If it's not an EINVAL failure due to a bogus argument, then the ptrace
failure
may be some new kernel bug I'm not aware of.

Hmm, I think I might have a clue as to the problem.  td_ta_thr_iter has a
special case for the early-startup situation, which uses td_ta_map_lwp2thr
(whereas normally it will just work by reading the inferior's data
structures).
 In a dynamically linked program, the thread register setup is done in the
dynamic linker early on, before it ever loads libpthread.  So I bet
what happens
is that gdb never tries to use these libthread_db functions so early
on in that
case (td_ta_new won't work until libpthread is loaded in the
inferior).  By the
time libpthread has been loaded and libthread_db starts being used,
the dynamic
linker has set up the thread registers and all is hunky dory.  In the
static
case, gdb is trying to figure out life via libthread_db before the
setup has
happened.  

In early startup, the thread ID (pthread_t value, delivered in
th_unique) has
not actually been assigned.  So there is no way to have
td_ta_map_lwp2thr and
td_ta_thr_iter deliver as a special case at startup the same th_unique
value
that will be seen later on for the initial LWP.  On machines that use
a normal
register instead of the thread_area magic, there is no call here to
fail, and in
th_unique you will just get the value of that register before it's
been set up
as the thread register (possibly garbage, but I'm pretty sure those
are always
going to be zero).  

Can you file a bug on glibc and assign to me for this?
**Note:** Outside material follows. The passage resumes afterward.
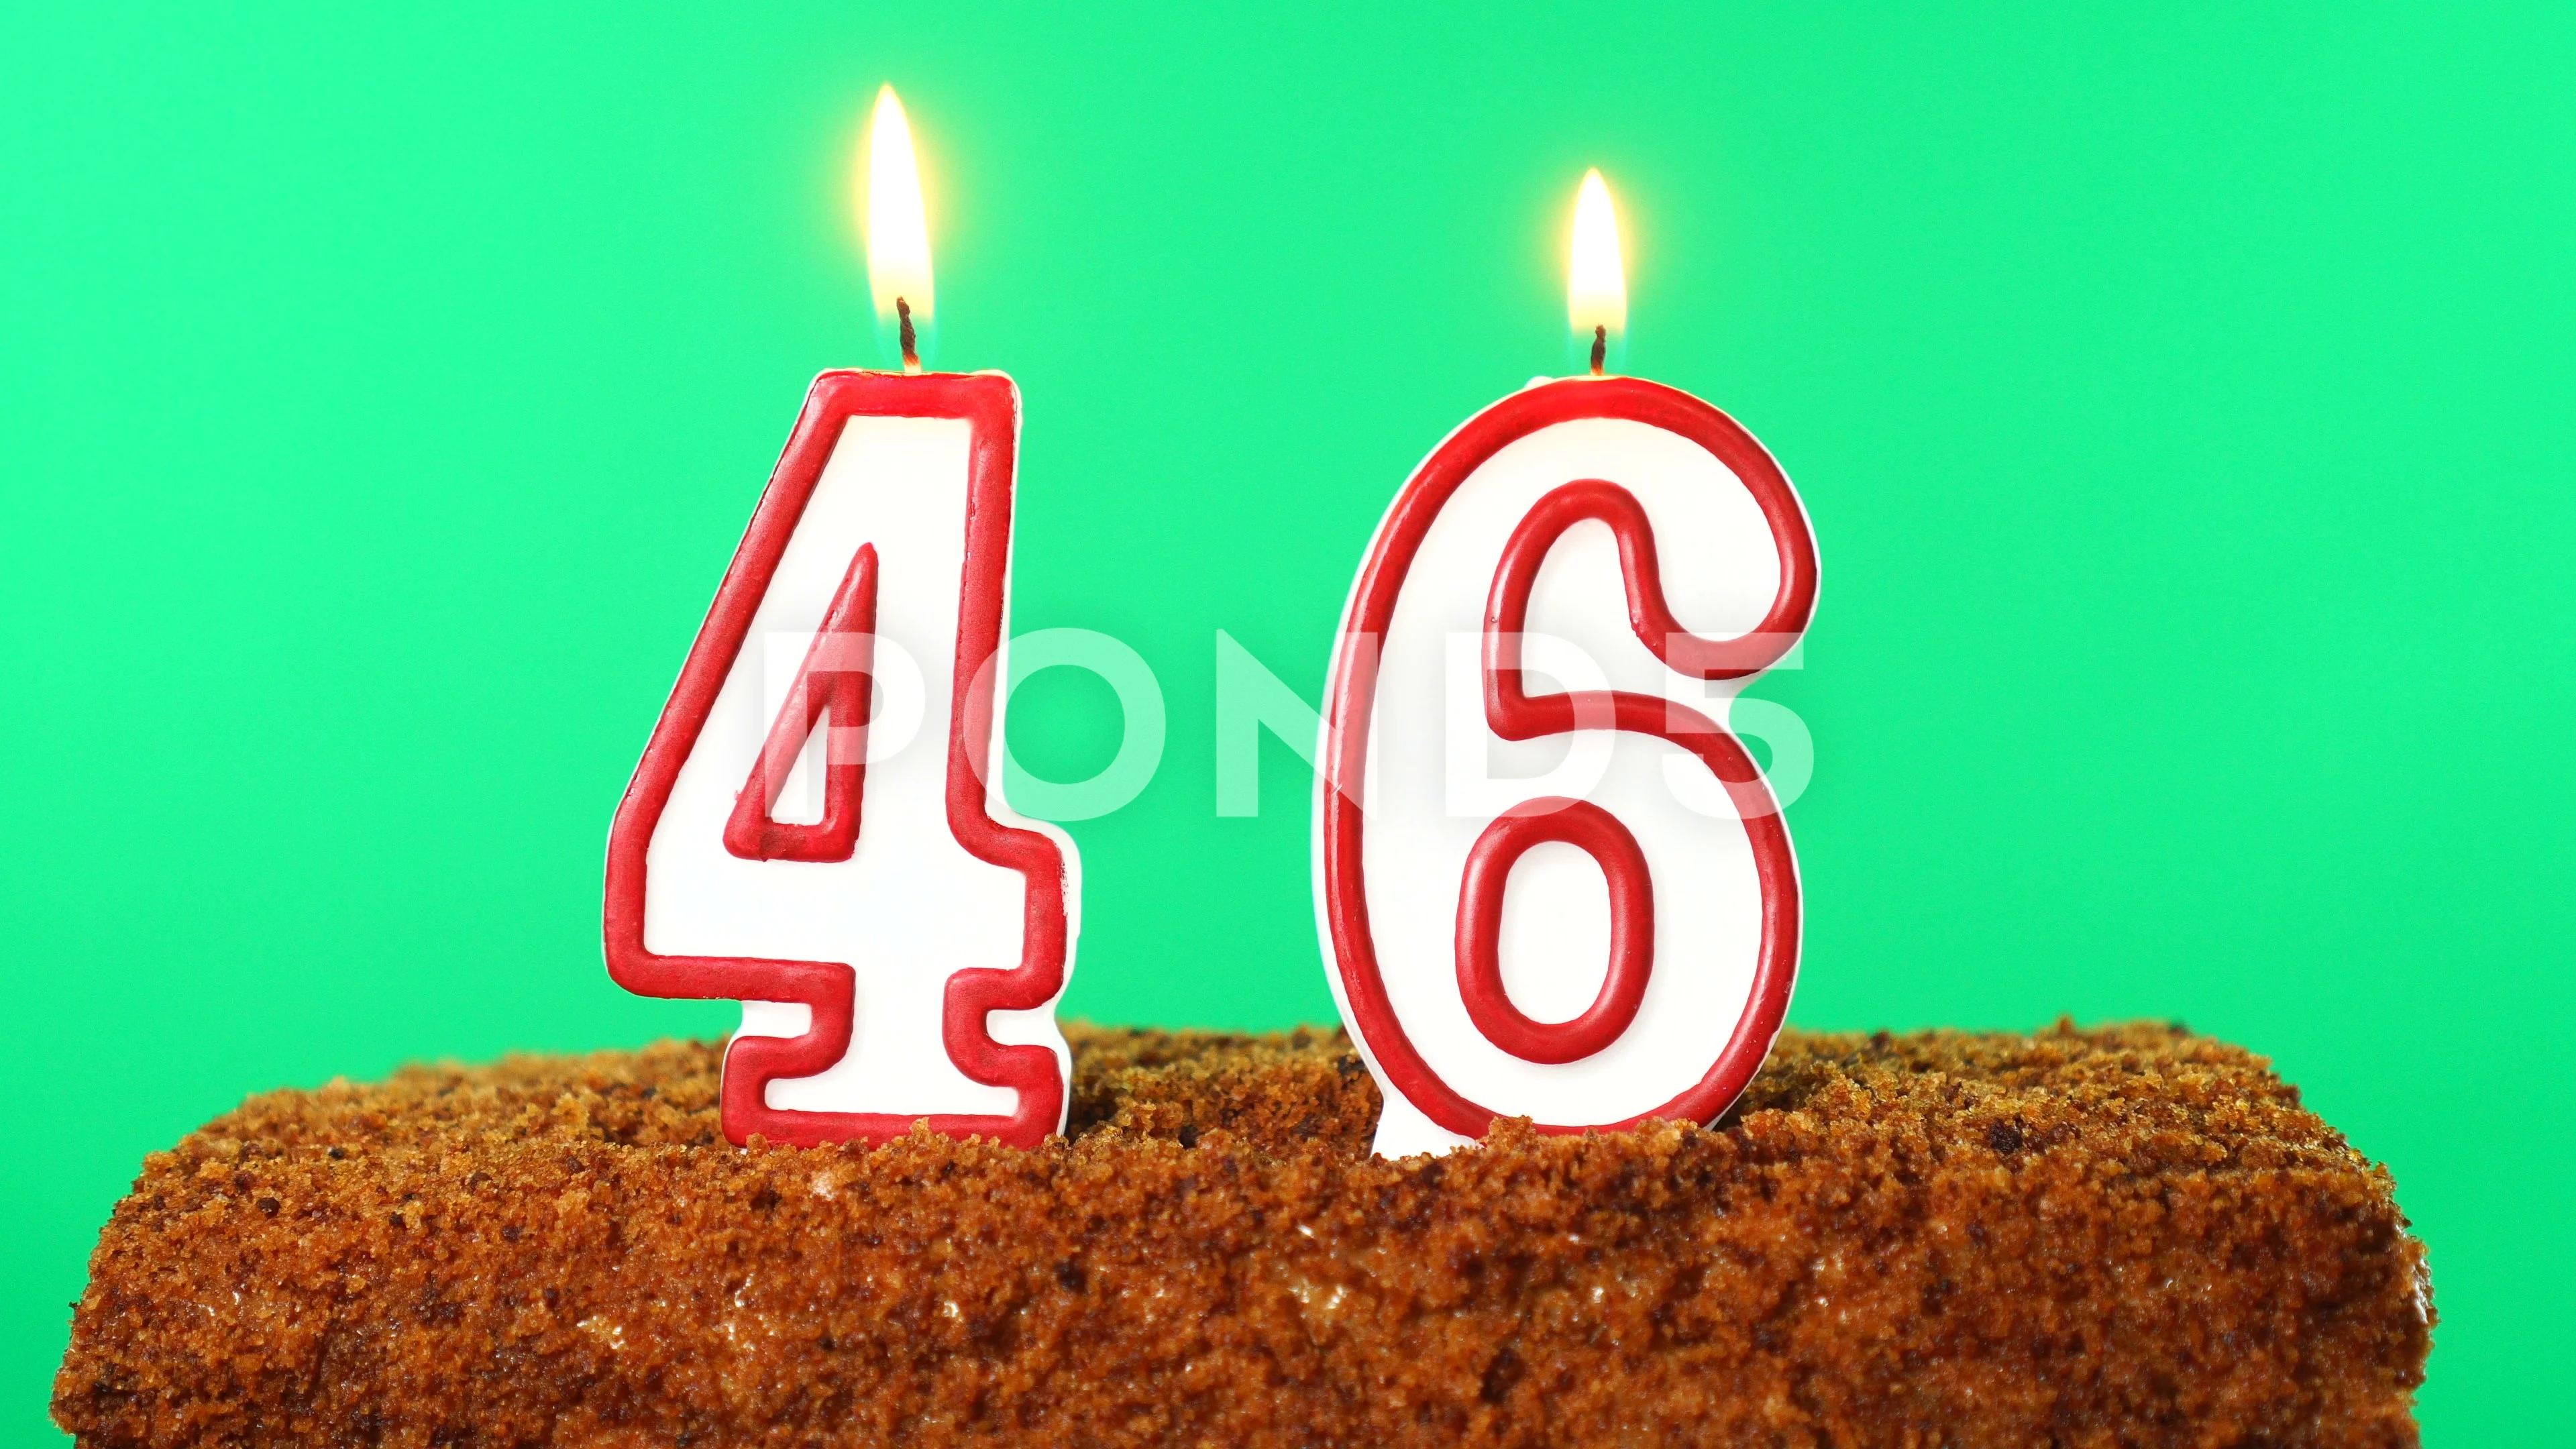 Buy 46 46th Birthday Cake Topper Svg 46 46th Happy Birthday Cake Online in  India  Etsy

I think the solution will have to be making libthread_db fail
gracefully at this
point.  If gdb can cope with a routine like td_ta_thr_iter or
td_ta_map_lwp2thr
failing here, we can just have them do so with a more distinct error code.
To be consistent with what gdb sees from libthread_db in the dynamic case,
td_ta_new would fail with TD_NOLIBTHREAD until the inferior has done
enough
initialization for these calls to work.  That might be a little more
difficult
to make happen, but is most likely doable if it is best for gdb.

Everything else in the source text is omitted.